If someone like West is fulfilling the terms of his university contract, says Fish, it's nobody's business how often they travel or what they make on the side from their lectures.

"It's something that redounds to the credit of the university," Fish says. "I don't go on the road that much — maybe 10 or 12 times a year — but I do find that when I do that, it always helps recruiting efforts or fundraising efforts for my university, if only down the road."

But Princeton historian Sean Wilentz, who writes frequently for magazines and in non-academic forums, has questioned the corrupting influence of the lucrative media culture that cultivates celebrity intellectuals.

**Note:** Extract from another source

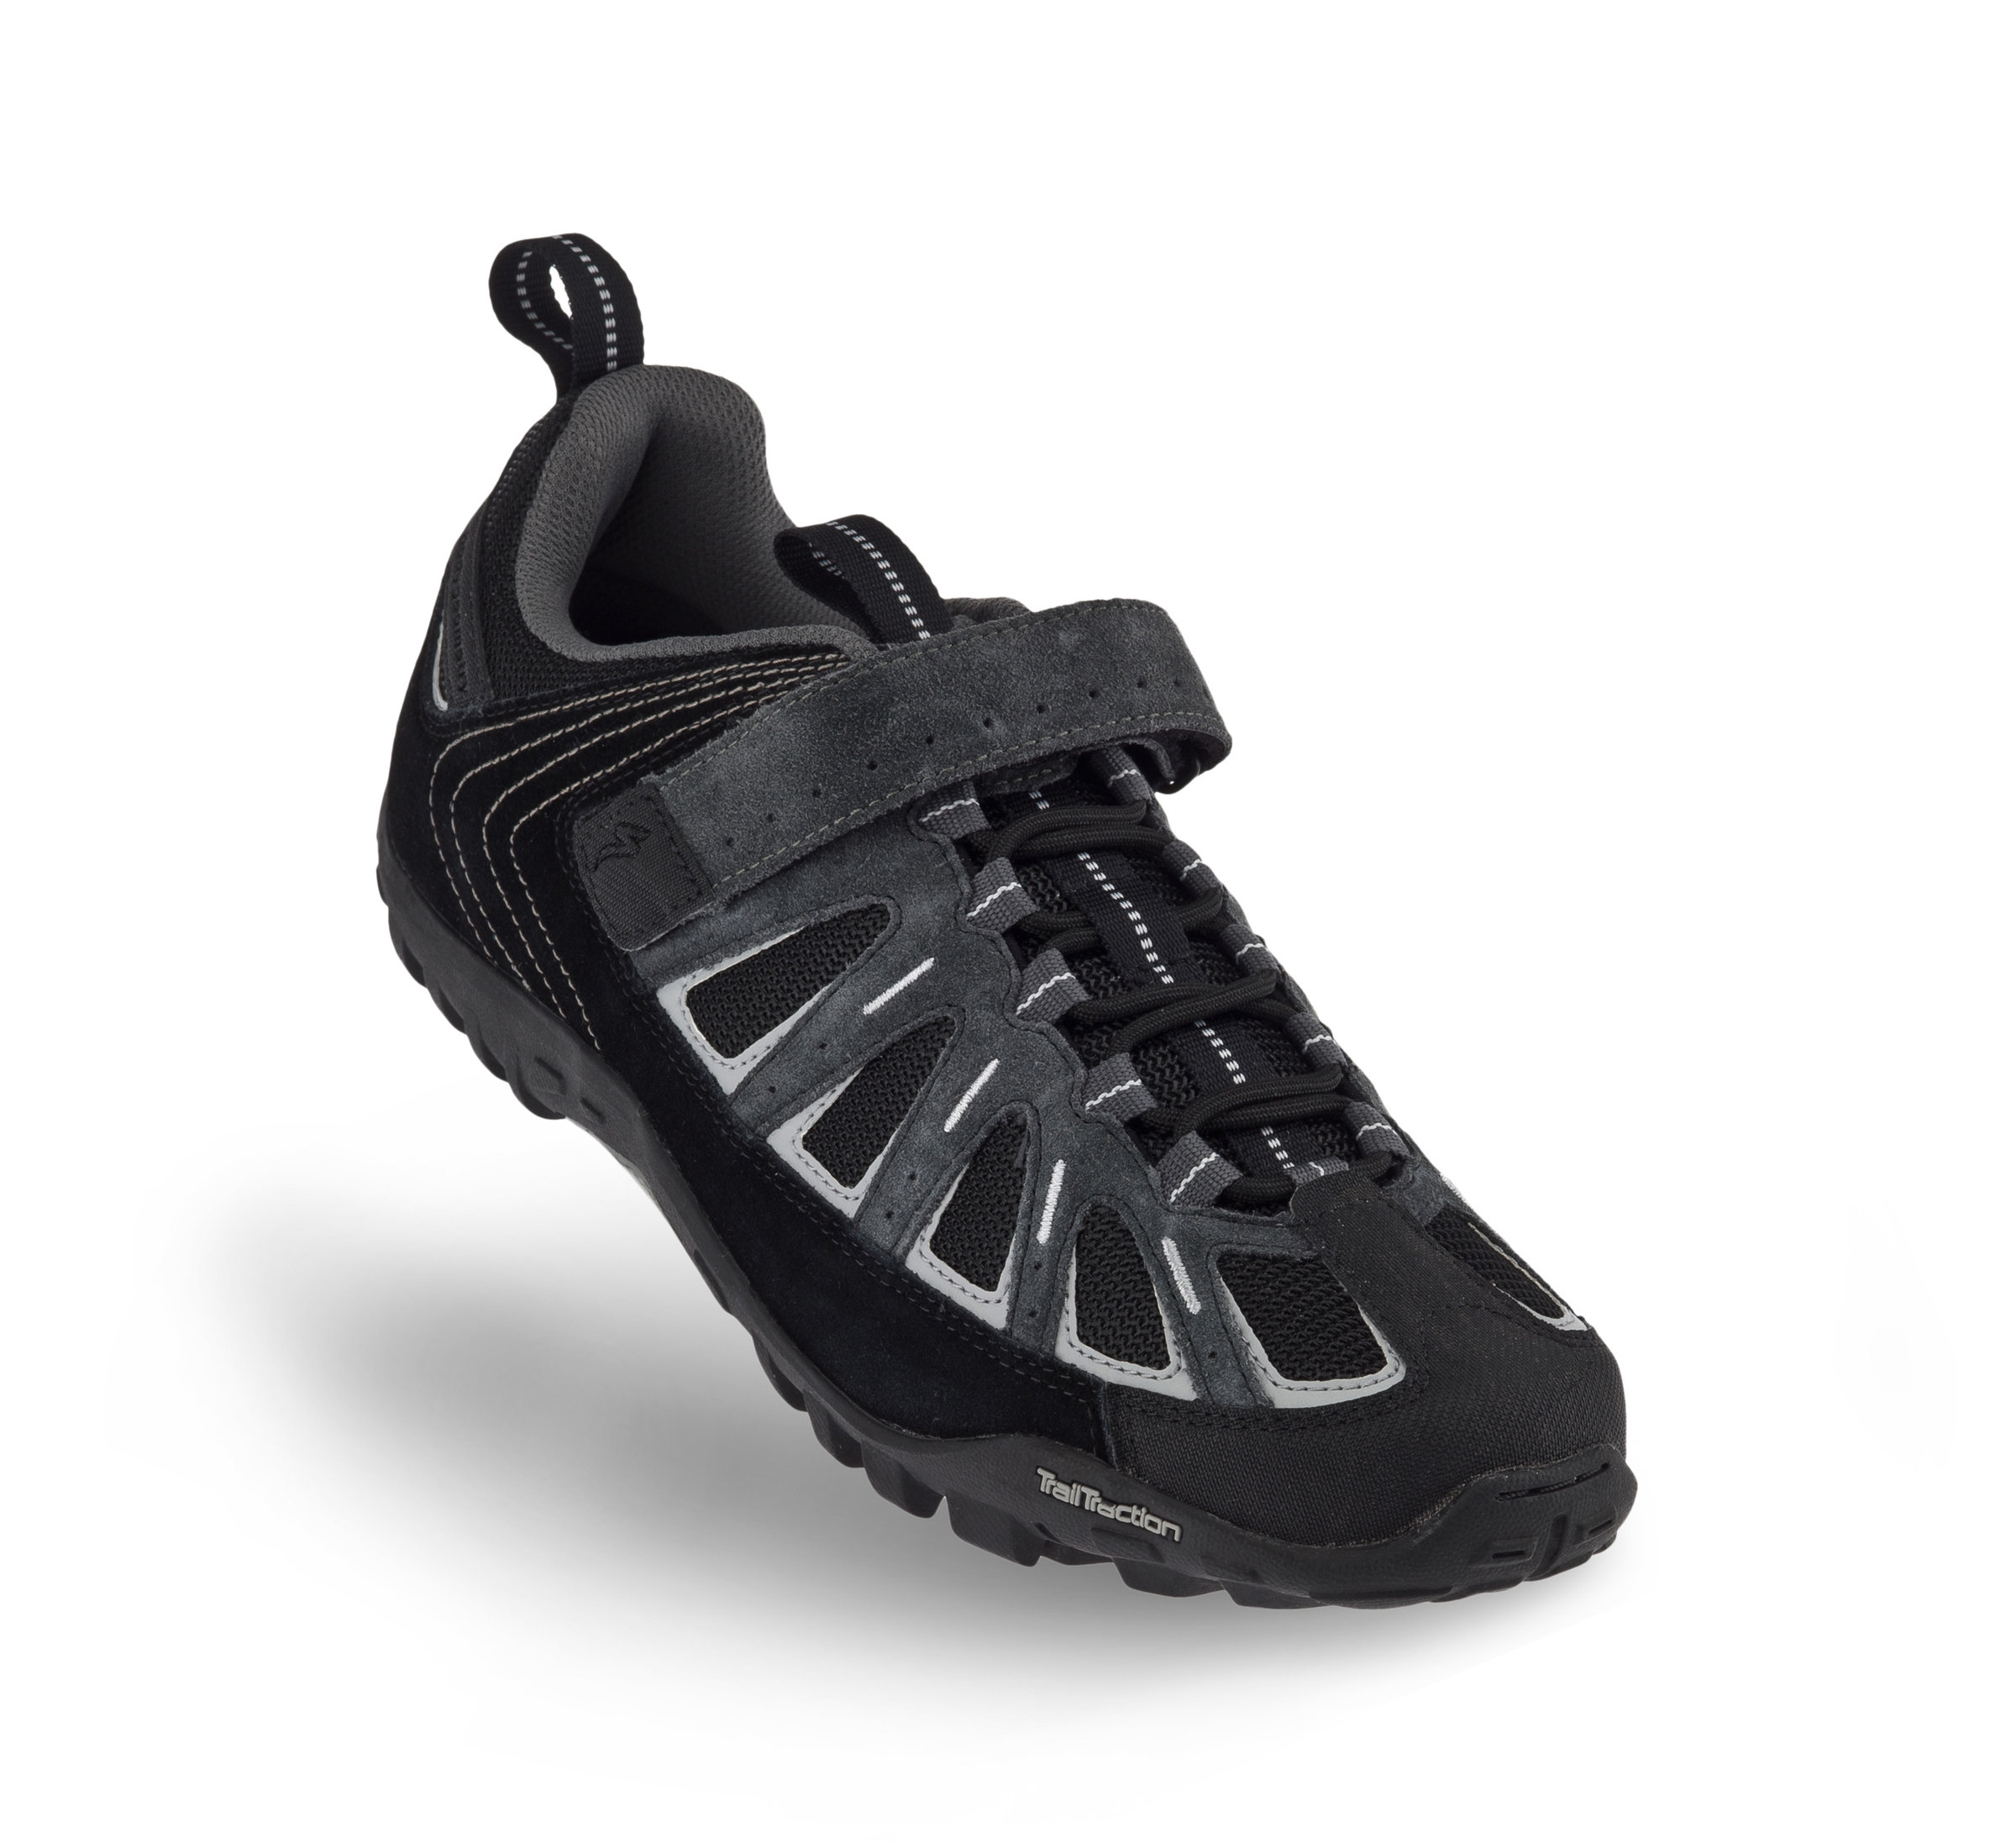 specialized tahoe mtb shoes

In a 1995 Dissent article, Wilentz observed that public intellectuals in past eras "did not have to contend with the mounting and corrupting temptations that beset today's aspiring intellectuals across the board — the jet-set lecture tours, the huge fees, the glare of glitzy publicity. In short, [they] did not have to confront today's cult of celebrity writerhood, a cult that has rewarded fakes, seduced honest but seducible writers, and garbled intelligent thought and debate."

Black intellectuals like West are particularly susceptible to this, wrote Wilentz, because of "liberal racialism," which tends to celebrate prominent black thinkers simply for existing. Furthermore, the media (and sometimes other blacks) expect black scholars, critics and artists to be spokesmen for their race, and only seem to want to hear from them when they have something to say about race relations.

There are, then, powerful incentives to fall into an intellectual rut. Cornel West is a philosopher of pragmatism, but nobody's going to put him pay him $15,000 to come speak about the influence of Richard Rorty on the American philosophical tradition. And he's not going to be invited on Charlie Rose to talk about Ralph Waldo Emerson.

"Somebody like W.E.B. Du Bois or James Baldwin, for all the difficulties they faced, were at least spared the temptation of celebrity in the modern form, which is heavy on TV, heavy on personality, heavy on charisma," Wilentz tells NRO. "The best of someone, even as a public intellectual, is intensely private. It's not about being on the lecture tour."

The irony is that West's very public scrap with the Harvard president over his off-campus activities will likely make him even more in demand on the lecture circuit. As Posner notes, martyrdom has its rewards. Lani Guinier and Judge Robert Bork came out of their failed Senate confirmation battles much in demand as paid speakers. If he breaks his vow to travel less in the coming year, West, having loudly stood up to The Man, and in explicitly racial terms, stands to make more money than ever.